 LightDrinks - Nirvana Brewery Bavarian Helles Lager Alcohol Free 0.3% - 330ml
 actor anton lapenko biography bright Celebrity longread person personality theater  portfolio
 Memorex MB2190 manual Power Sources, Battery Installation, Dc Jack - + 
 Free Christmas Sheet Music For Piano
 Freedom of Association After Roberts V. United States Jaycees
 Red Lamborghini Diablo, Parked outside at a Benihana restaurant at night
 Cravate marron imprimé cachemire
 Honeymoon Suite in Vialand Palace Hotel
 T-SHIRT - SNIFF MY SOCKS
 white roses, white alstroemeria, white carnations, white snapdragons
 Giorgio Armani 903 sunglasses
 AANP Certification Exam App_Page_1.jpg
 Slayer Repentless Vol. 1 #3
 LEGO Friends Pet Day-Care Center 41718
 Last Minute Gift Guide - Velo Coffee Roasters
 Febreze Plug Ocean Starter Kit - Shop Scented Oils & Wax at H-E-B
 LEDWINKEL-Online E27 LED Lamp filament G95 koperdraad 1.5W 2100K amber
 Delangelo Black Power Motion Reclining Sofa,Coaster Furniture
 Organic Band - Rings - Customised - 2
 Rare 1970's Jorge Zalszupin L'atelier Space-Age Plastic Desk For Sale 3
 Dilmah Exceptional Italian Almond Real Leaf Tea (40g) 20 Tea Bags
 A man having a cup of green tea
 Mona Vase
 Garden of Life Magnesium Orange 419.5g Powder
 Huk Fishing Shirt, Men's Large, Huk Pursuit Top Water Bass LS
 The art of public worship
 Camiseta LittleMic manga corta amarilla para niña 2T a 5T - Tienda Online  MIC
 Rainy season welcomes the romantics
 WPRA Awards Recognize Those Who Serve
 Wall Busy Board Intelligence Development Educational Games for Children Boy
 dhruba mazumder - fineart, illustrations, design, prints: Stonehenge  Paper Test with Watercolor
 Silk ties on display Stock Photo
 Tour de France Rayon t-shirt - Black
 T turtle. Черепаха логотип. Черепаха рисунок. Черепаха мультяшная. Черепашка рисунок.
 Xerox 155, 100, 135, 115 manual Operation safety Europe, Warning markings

★ ★ ★ ★

# EXERCISE AIM
Your task is to retype the entries verbatim, starting with the line that holds "Freedom of Association" and stopping after the line that holds "Febreze Plug Ocean".

# EXPECTED ANSWER
 Freedom of Association After Roberts V. United States Jaycees
 Red Lamborghini Diablo, Parked outside at a Benihana restaurant at night
 Cravate marron imprimé cachemire
 Honeymoon Suite in Vialand Palace Hotel
 T-SHIRT - SNIFF MY SOCKS
 white roses, white alstroemeria, white carnations, white snapdragons
 Giorgio Armani 903 sunglasses
 AANP Certification Exam App_Page_1.jpg
 Slayer Repentless Vol. 1 #3
 LEGO Friends Pet Day-Care Center 41718
 Last Minute Gift Guide - Velo Coffee Roasters
 Febreze Plug Ocean Starter Kit - Shop Scented Oils & Wax at H-E-B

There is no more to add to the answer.